I, JEFFREY W. BULLOCK, SECRETARY OF STATE OF THE STATE OF DELAWARE, DO HEREBY CERTIFY THE ATTACHED IS A TRUE AND CORRECT COPY OF THE CERTIFICATE OF AMENDMENT OF “LENDINGCLUB CORPORATION”, FILED IN THIS OFFICE ON THE FIFTH DAY OF SEPTEMBER, A.D. 2014, AT 9:53 O’CLOCK P.M.

A FILED COPY OF THIS CERTIFICATE HAS BEEN FORWARDED TO THE NEW CASTLE COUNTY RECORDER OF DEEDS.

 

LOGO


CERTIFICATE OF AMENDMENT OF

RESTATED

CERTIFICATE OF INCORPORATION

OF

LENDINGCLUB CORPORATION

LendingClub Corporation (the “Corporation”), a corporation organized and existing under the General Corporation Law of the State of Delaware, hereby certifies as follows:

1. This Certificate of Amendment (the “Certificate of Amendment”) amends certain provisions of the Corporation’s Restated Certificate of Incorporation filed with the Secretary of State on April 15, 2014 (the “Certificate of Incorporation”).
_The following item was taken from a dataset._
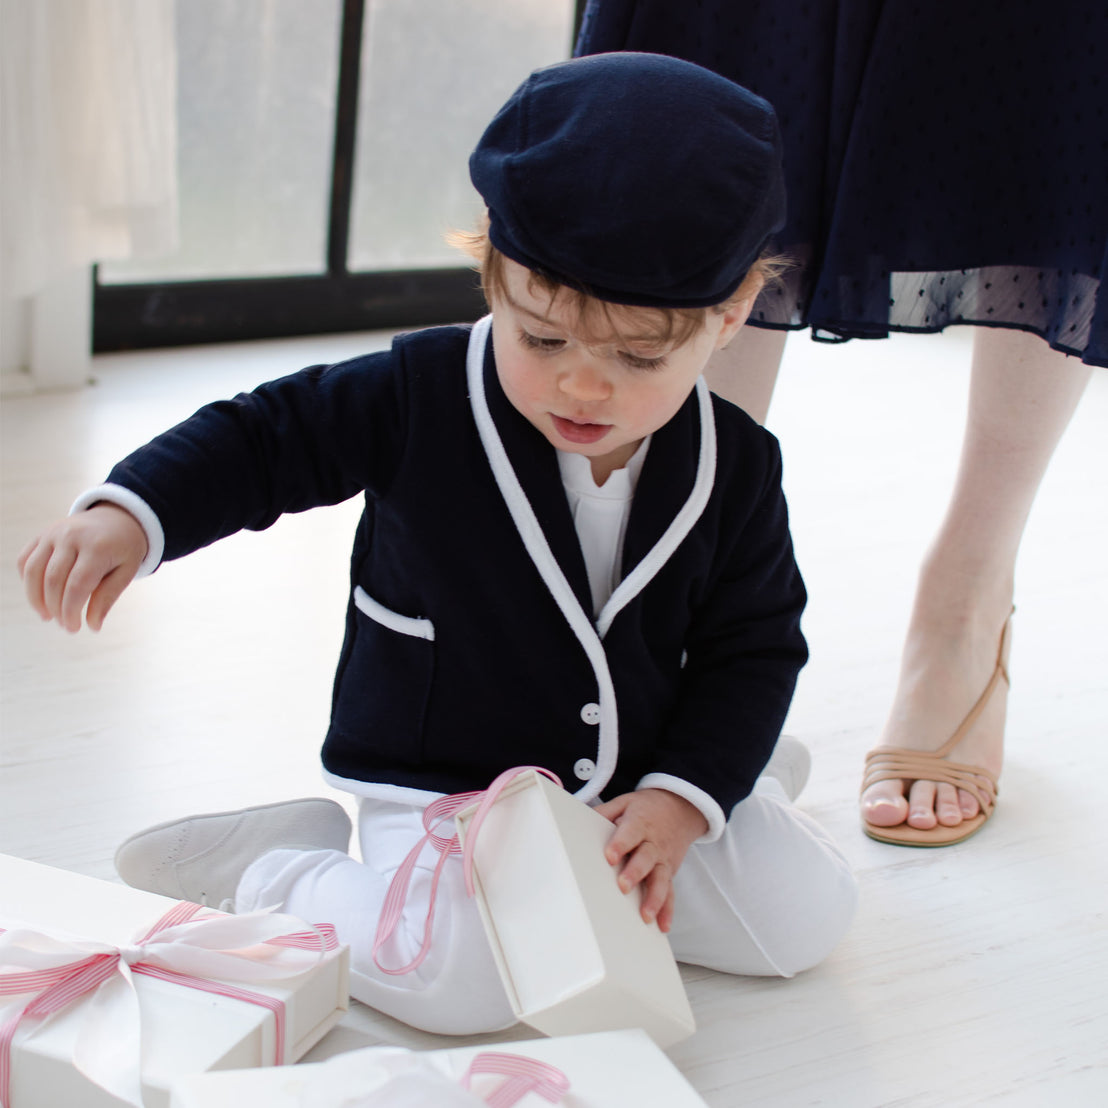  He is wearing the Elliott 3-Piece Suit, including jacket, pants, and onesie (and matching newsboy cap).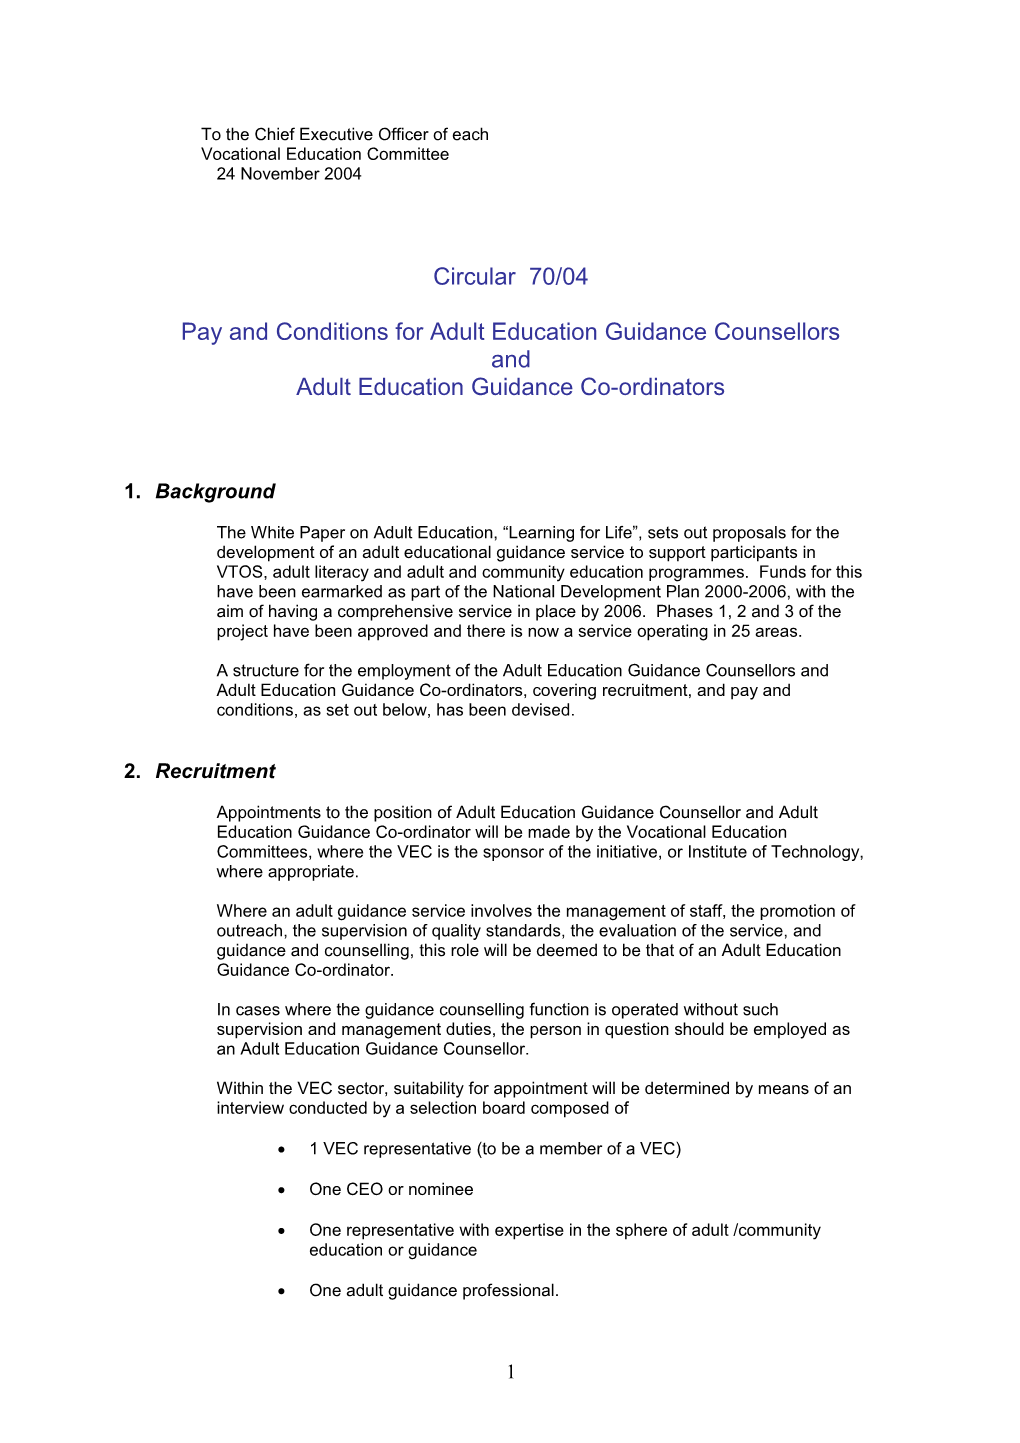 Circular 70/04 - Pay and Conditions for Adult Education Guidance Counsellors and Adult

2. Article IV, subsections A. and B. of the Certificate of Incorporation are hereby amended and restated to read as follows:

A. The Company is authorized to issue two classes of stock to be designated, respectively, Common Stockand “Preferred Stock.” The total number of shares which the Company is authorized to issue is 622,614,174 shares, 372,000,000 of which shall be Common Stock (the “Common Stock”), and 250,614,174 of which shall be Preferred Stock (the “Preferred Stock”). The Preferred Stock shall have a par value of $0.01 per share and the Common Stock shall have a par value of $0.01 per share.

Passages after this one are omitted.